PDA

Bekijk de volledige versie : Jongeren plannen zich te pletter


Barst
27th February 2016, 16:27
Een generatie controlefreaks


De millennials hebben het steeds moeilijker om het onverwachte een plaats te geven, schrijft Jan Rosier. Dat maakt dat ze steeds dwangmatiger gaan plannen, en uiteindelijk de hoop verliezen.


In zijn opiniestuk ‘Wat is er aan de hand met mijn studenten’ deelt Jan De Maeseneer zijn diepe bezorgdheid over de afnemende empathie bij artsen in opleiding (DS 20 februari) . Dat sommige studenten opperen dat pechvogels maar beter hun best moeten doen, is mij ook bekend en baart mij ook zorgen.

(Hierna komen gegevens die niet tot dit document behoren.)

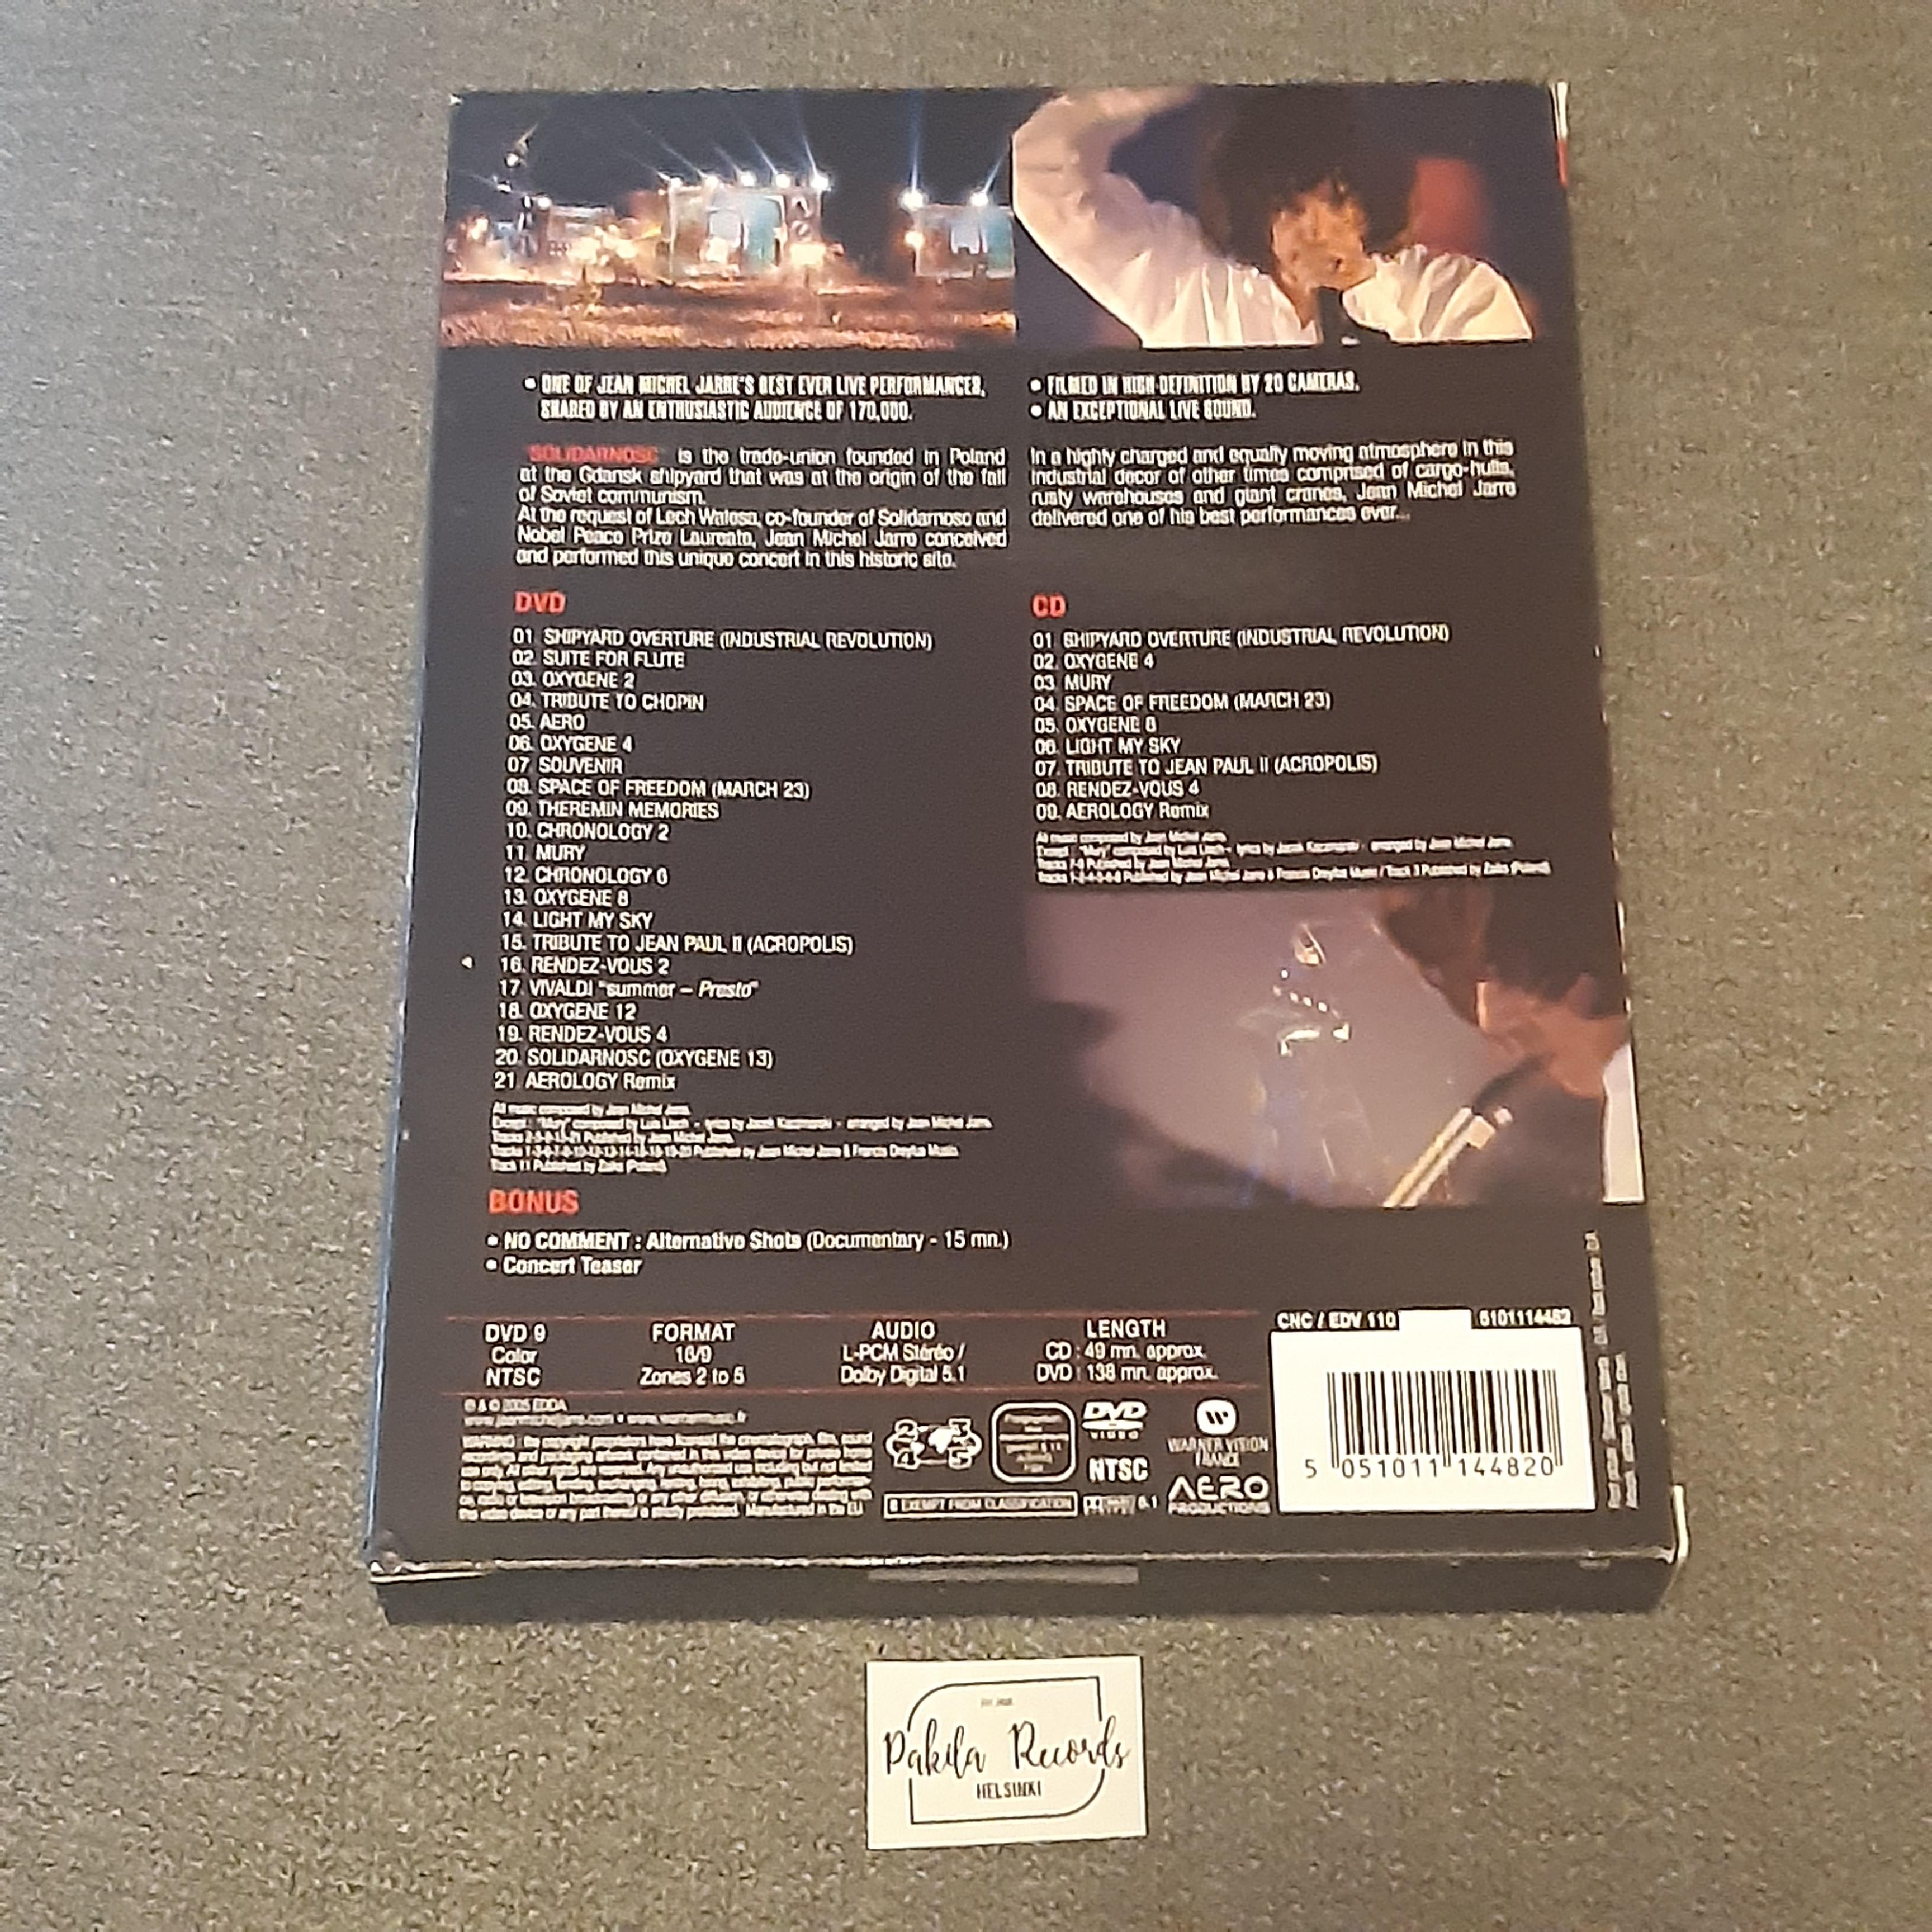 Jean Michel Jarre - Solidarność Live - DVD + CD (käytetty)
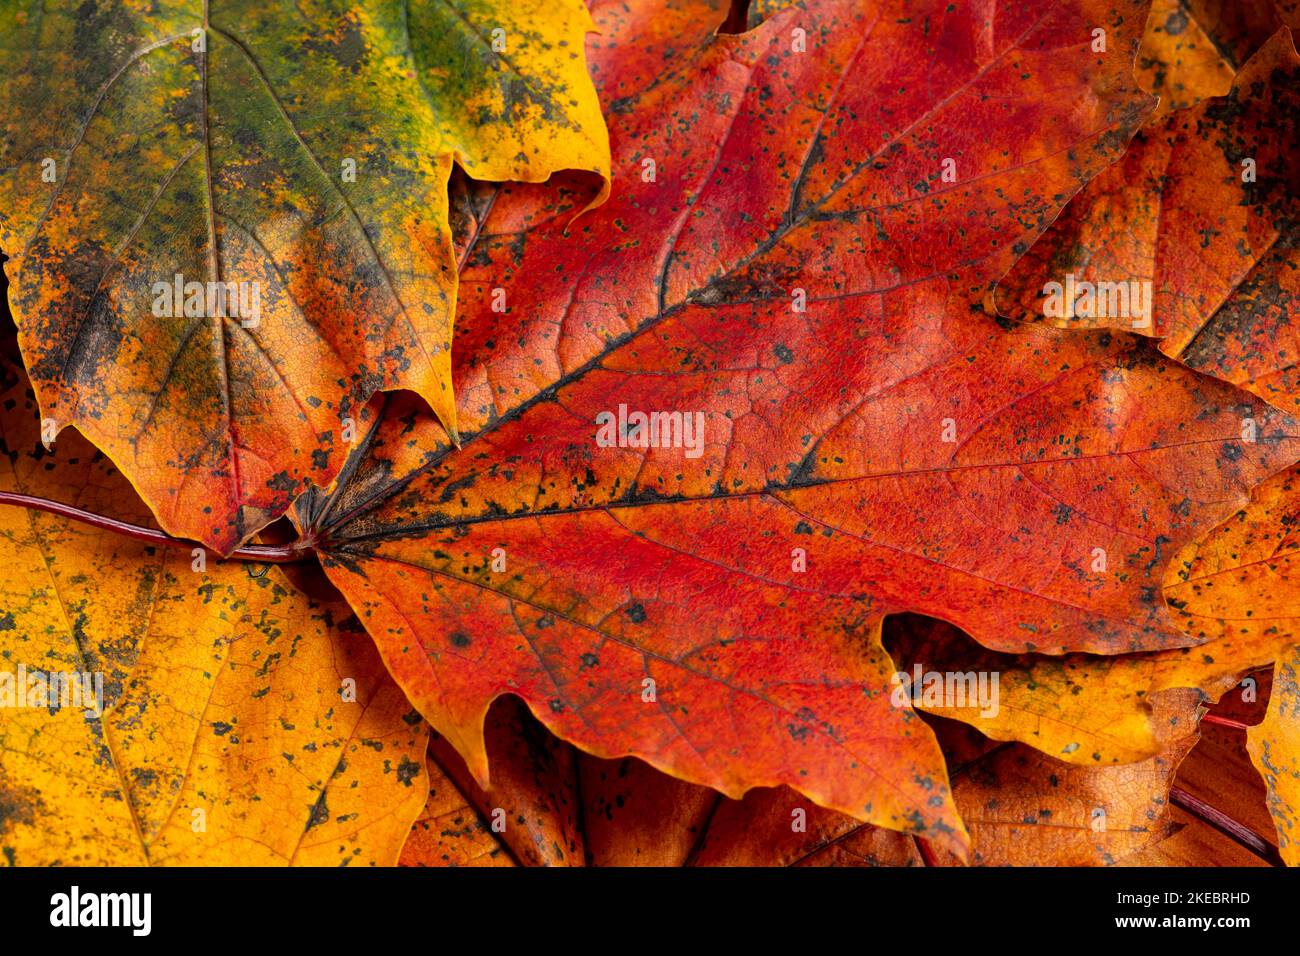 Closeup of tree leaves with autumn colors. Fall season and foliage concept. Stock Photo

Het is goed om via kwantitatieve metingen een inzicht te krijgen in de leefwereld van studenten, maar we moeten ook proberen een beeld te krijgen van de denkpatronen die mensen aanzetten tot zulke uitspraken.

Zonder het volgende als een algemene stelling te willen poneren, vallen er mij drie dingen op bij veel universitair geschoolde jonge mensen: het toenemende onvermogen om het onverwachte een plaats te geven, de daaruitvolgende nood tot dwangmatig plannen en het loslaten van het begrip hoop.


Iedereen ceo

Ten eerste stel ik vast dat jonge en hoogopgeleide kaders – en dus niet alleen studenten – er moeite mee hebben om in te zien dat er in het leven bewegingen plaatsvinden waarop je weinig invloed hebt. Het begrip ‘noodlot’ heeft weinig of geen betekenis meer in onze cultuur, omdat ze doordrenkt is geraakt van een managementsdenken dat ervan uitgaat dat alles onder controle te brengen en te houden is. Die mentaliteit heeft zich niet alleen in ondernemingen verankerd, maar jammer genoeg ook in instellingen waar dat niet echt nodig is, zoals het onderwijs, en erger nog: in onze hoofden. Wie zijn leven niet naar de juiste baan stuurt of te weinig stuurt, zal onvermijdelijk pech hebben. Wie voldoende en verstandig stuurt, heeft de controle over het leven. Als ik met mijn studenten het onderzoek van Jeffrey Pfeffer bespreek, dan hebben ze moeite om hem en mij te geloven. Pfeffer, een hoogleraar management aan de Stanford Business School, toonde al in 1977 aan dat managers – dé herauten van actie, controle en sturing – slechts voor 10 procent het verschil verklaren tussen de allerbeste en de allerslechtste organisaties. Actie, controle en sturing kunnen het noodlot, een term die in de managementwetenschappen amper opduikt, niet afwenden. Het valt op dat succesvolle mensen de oorzaak van pech vlug leggen bij het individu en zijn beslissingen. Dat is een typische managementreflex die zich in alle poriën van het dagelijkse bestaan heeft gewrongen. Wie longkanker heeft, had maar vroeger de juiste beslissing moeten nemen. Wie arm is, had dat moeten voorzien en actie ondernemen. Het lijkt wel of we de chief executive officers van ons leven moeten worden.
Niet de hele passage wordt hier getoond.